November 23, 2015•Update: November 27, 2015
By Joshua Carroll
YANGON, Myanmar
The official death toll in what could be Myanmar’s most deadly landslide for a decade has risen to over a hundred, state media reported Monday.
The landslide buried dozens of huts Saturday near jade mines in Hpakant, northern Myanmar, leaving at least 104 people dead and dozens still missing as of Sunday evening, the Global New Light of Myanmar said.
“We don’t know how many more bodies could still be under the rubble,” Capt.
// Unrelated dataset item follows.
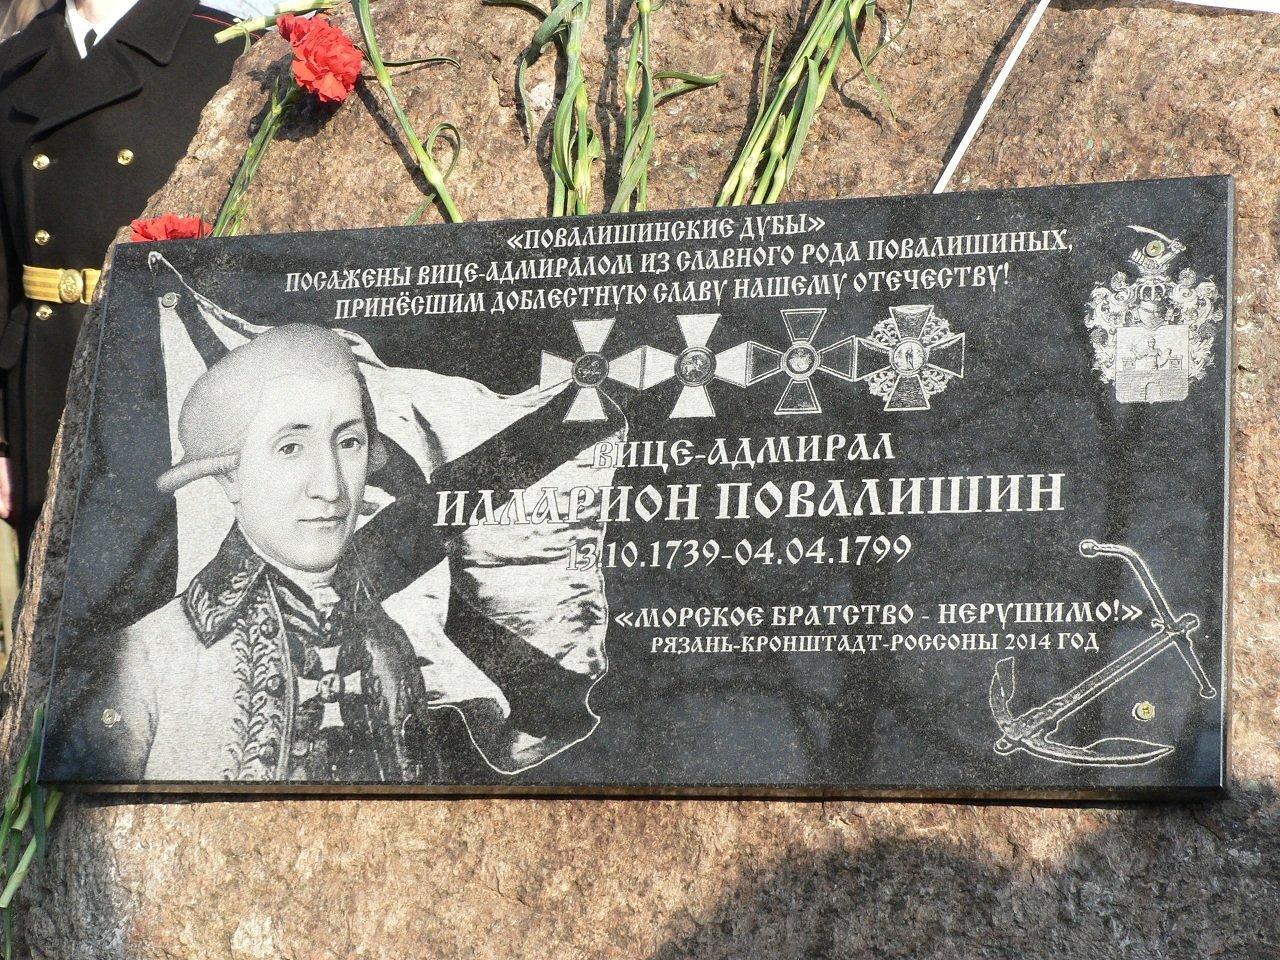 Памятный знак в честь вице-адмирала Иллариона Повалишина в Россонах

Naing Win, head of the township police office, told The Myanmar Times on Sunday.
Hpakant is a major source of high quality jade that is feeding relentless demand across the border in China.
The workers in the mining town are largely internal migrants, who sift through the rubble dumped by jade mining companies in search of overlooked fragments of the precious gem.
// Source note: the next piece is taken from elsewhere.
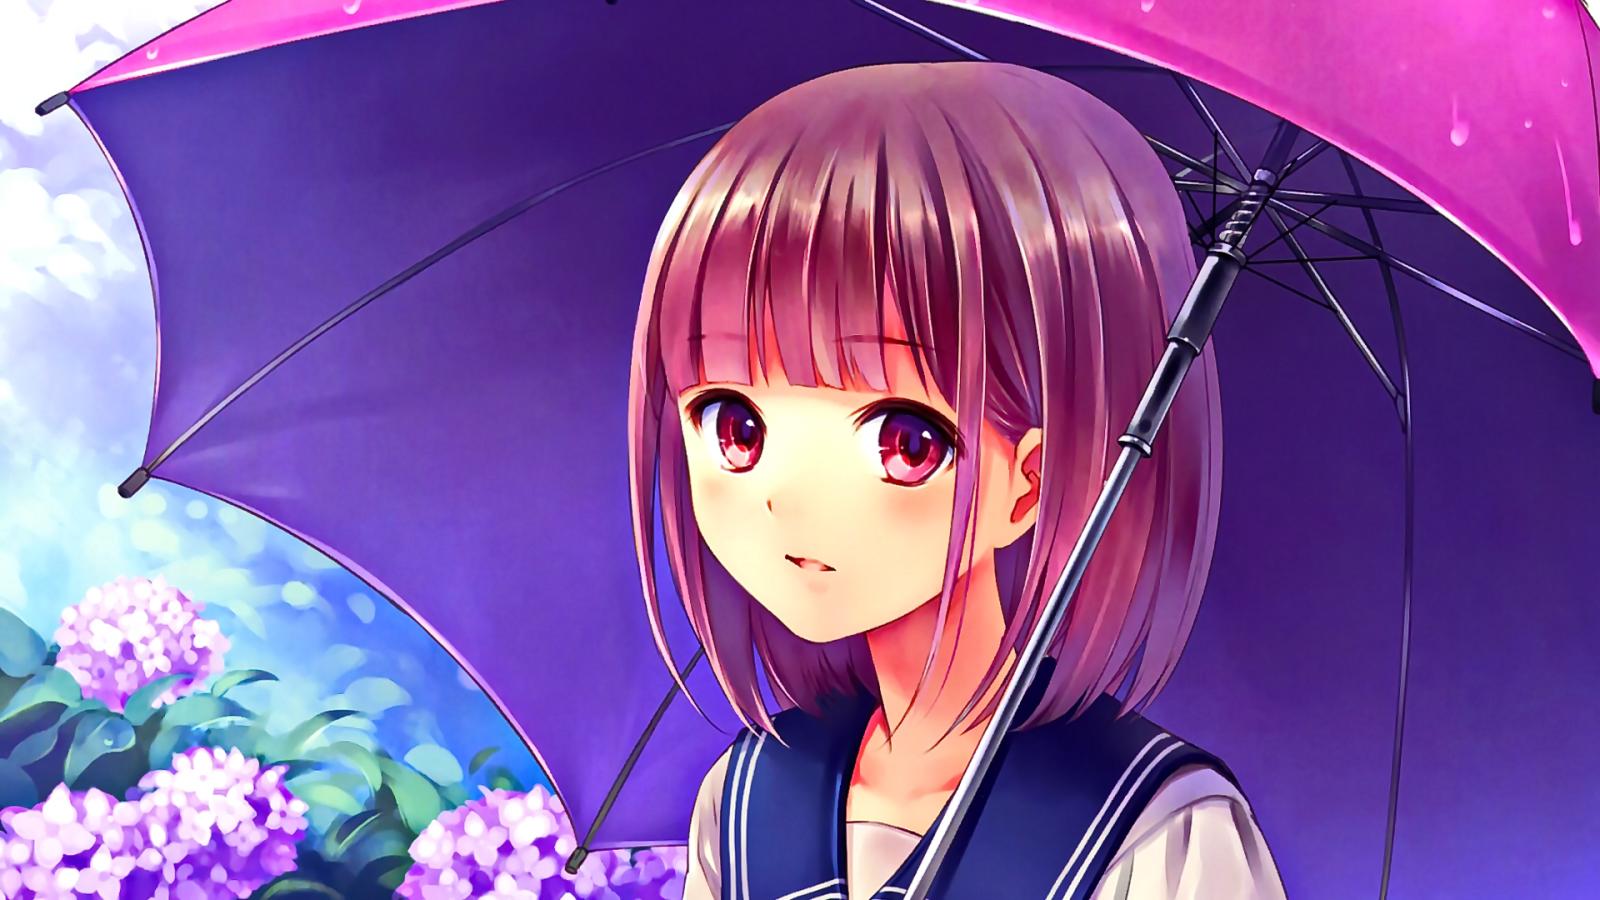 Wallpaper : long hair, anime girls, brunette, open mouth

Officials say they are not yet sure why the large pile of debris created by dumping from nearby mines gave way Saturday.
But collapses in Hpakant -- where the industry faces little regulation -- are common: nine died in a smaller landslide there in March.
Global Witness, a non-profit group that campaigns against environmental crimes, has branded Myanmar’s shady jade industry a massive natural resource “heist”.
Last month the group estimated that corrupt military officials, cronies and drug lords controlled an industry worth at least $31 billion in 2014.
“Big firms licenced by the government are making a killing,” said Mike Davis, Asia director at Global Witness.
“They are grabbing jade worth tens or hundreds of millions a year, while leaving locals and migrant workers to run the gauntlet of deadly landslides caused by the companies’ reckless dumping practices.”